§ **STORED DATA**
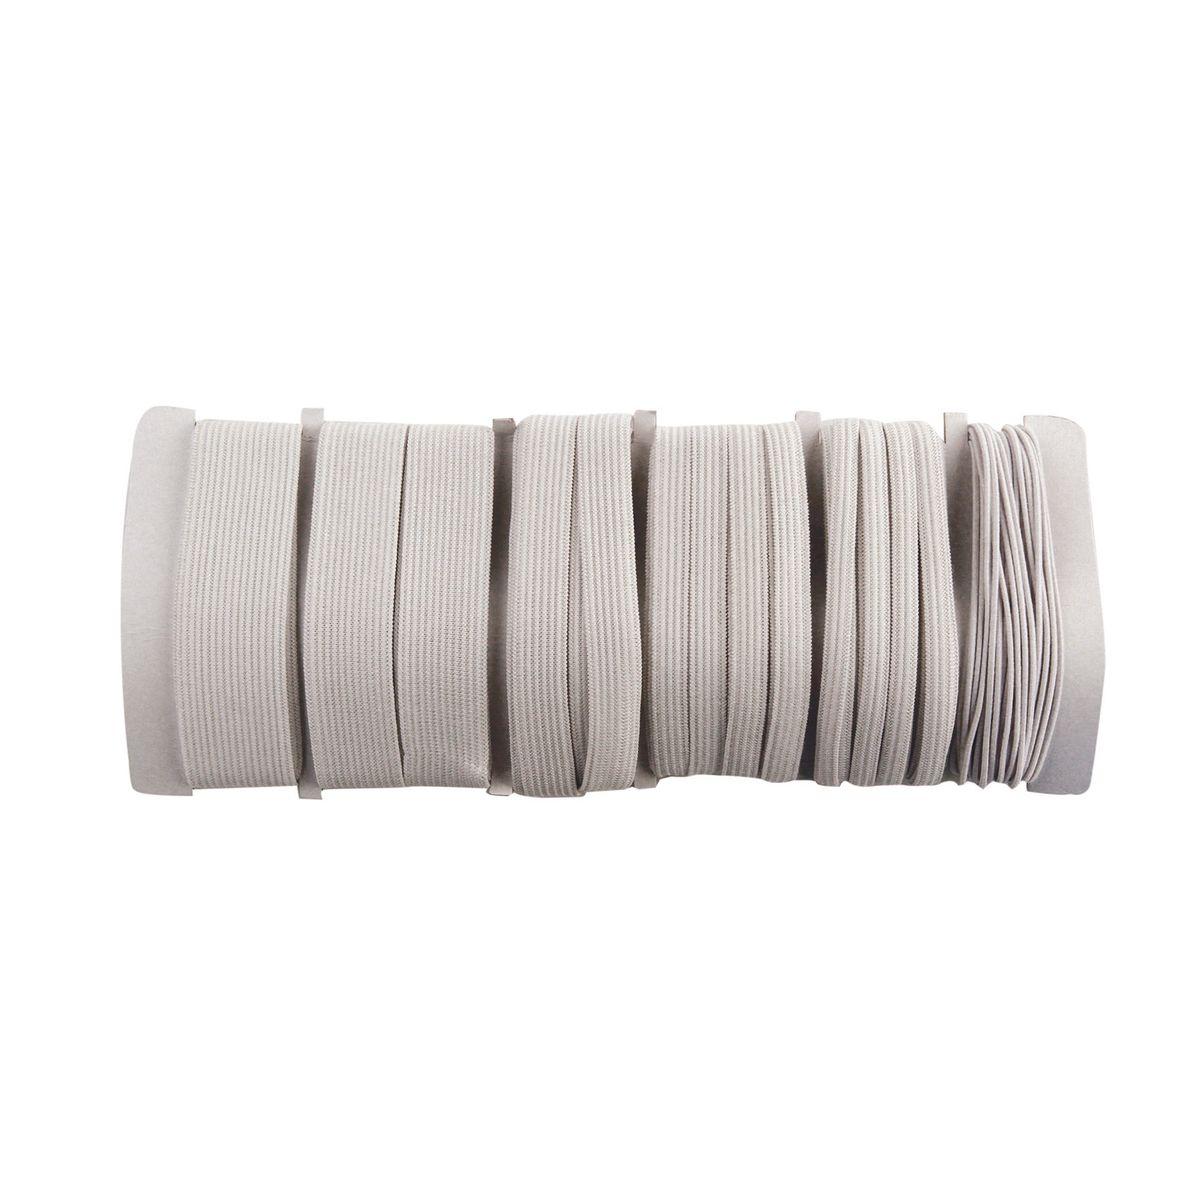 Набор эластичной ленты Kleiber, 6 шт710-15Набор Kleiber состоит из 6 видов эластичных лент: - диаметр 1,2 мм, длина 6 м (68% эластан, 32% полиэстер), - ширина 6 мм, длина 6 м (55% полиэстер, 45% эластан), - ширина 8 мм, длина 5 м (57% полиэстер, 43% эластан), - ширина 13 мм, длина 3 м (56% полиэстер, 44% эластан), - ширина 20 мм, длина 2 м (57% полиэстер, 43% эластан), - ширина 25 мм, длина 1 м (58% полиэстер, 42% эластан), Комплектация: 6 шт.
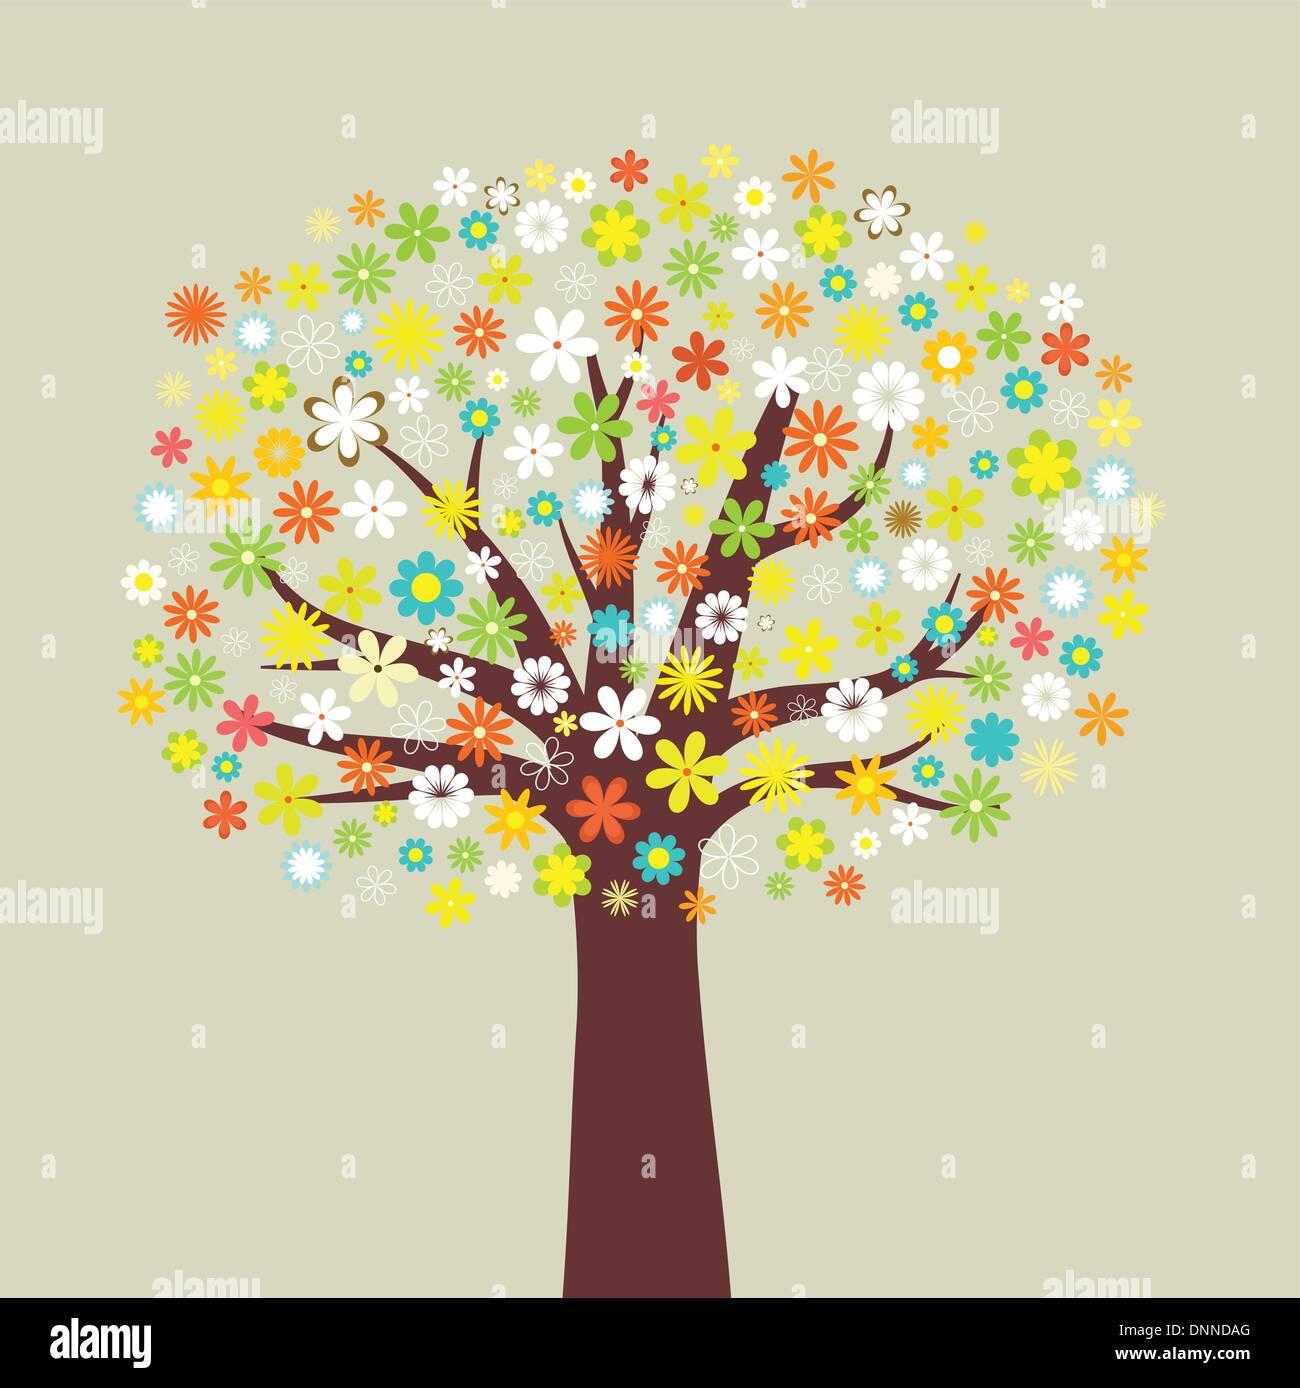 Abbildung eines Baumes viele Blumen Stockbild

--

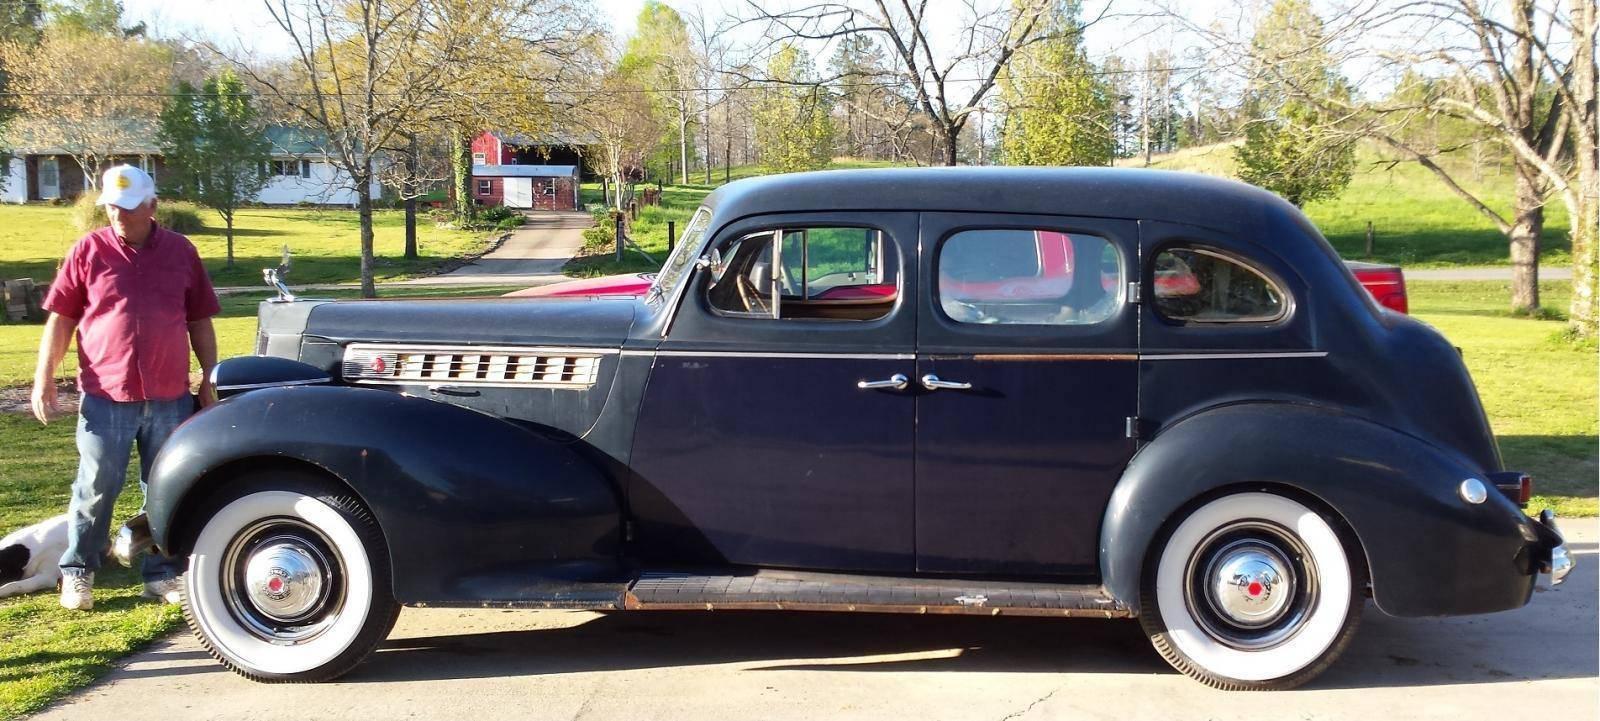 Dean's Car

==

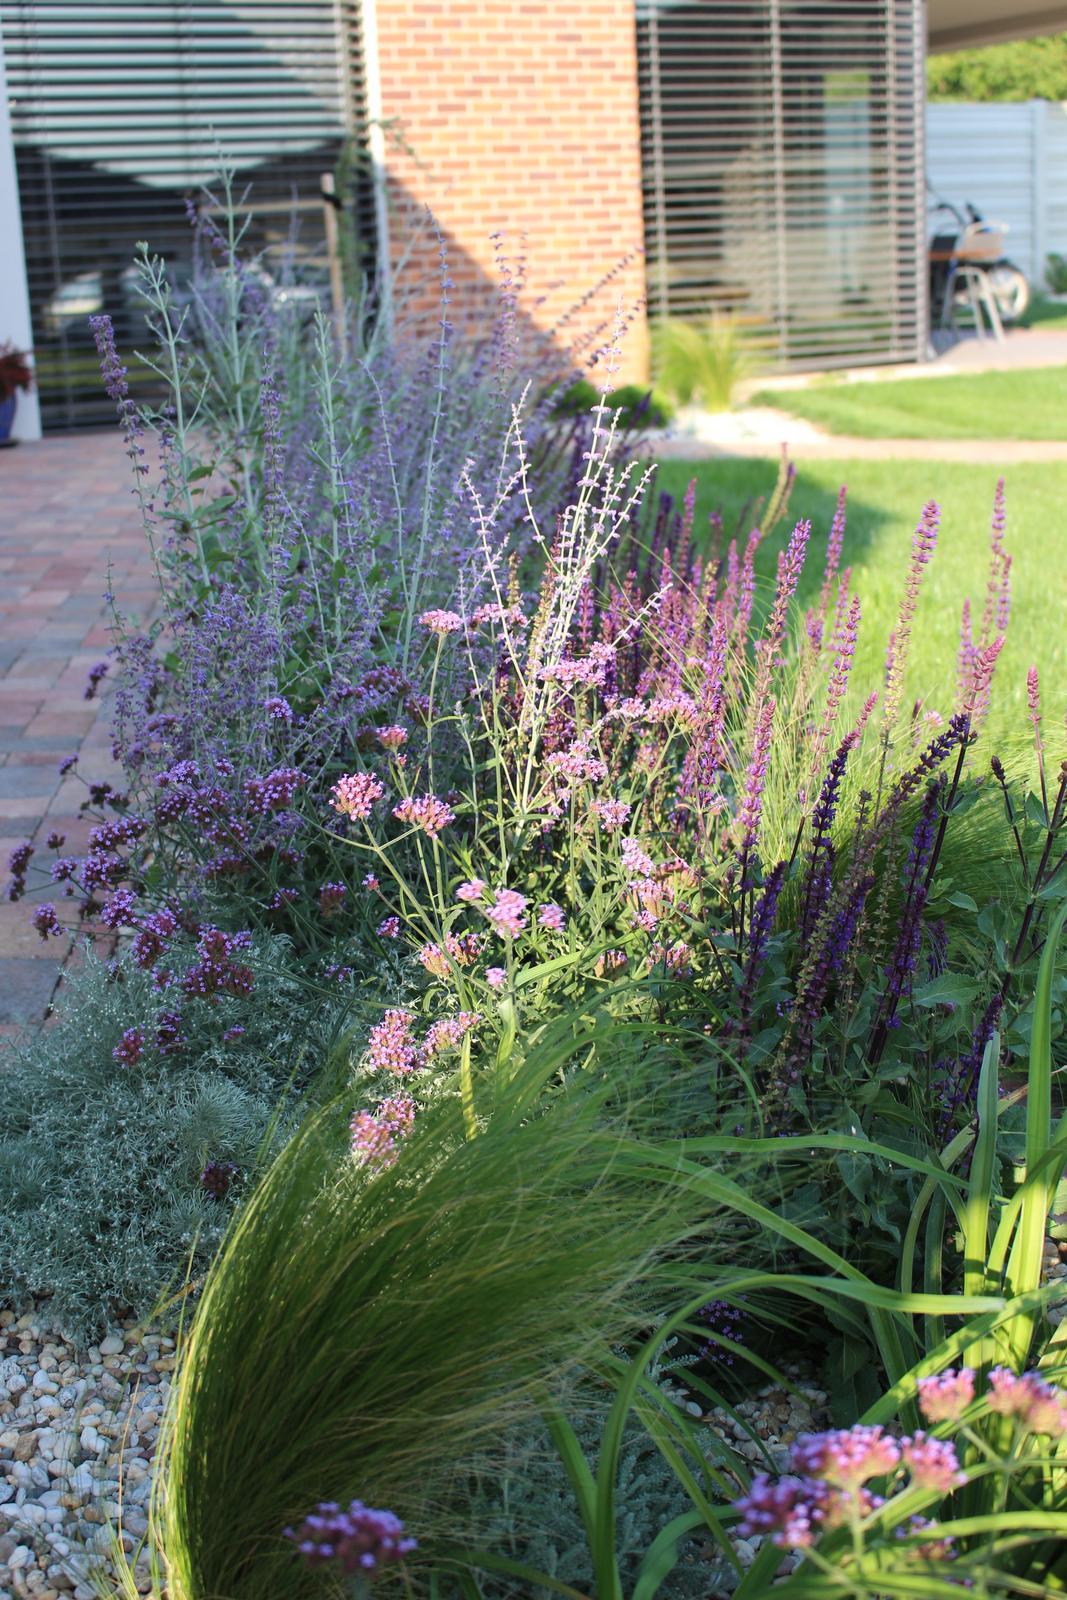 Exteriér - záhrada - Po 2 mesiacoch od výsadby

§ **TASK REQUIREMENTS**
Everything above from the line with "Набор эластичной ленты" through the line with "Abbildung eines Baumes" should be retyped exactly, and nothing else; omit pictures.

§ **ANSWER SPACE**
 Набор эластичной ленты Kleiber, 6 шт710-15Набор Kleiber состоит из 6 видов эластичных лент: - диаметр 1,2 мм, длина 6 м (68% эластан, 32% полиэстер), - ширина 6 мм, длина 6 м (55% полиэстер, 45% эластан), - ширина 8 мм, длина 5 м (57% полиэстер, 43% эластан), - ширина 13 мм, длина 3 м (56% полиэстер, 44% эластан), - ширина 20 мм, длина 2 м (57% полиэстер, 43% эластан), - ширина 25 мм, длина 1 м (58% полиэстер, 42% эластан), Комплектация: 6 шт.
 Abbildung eines Baumes viele Blumen Stockbild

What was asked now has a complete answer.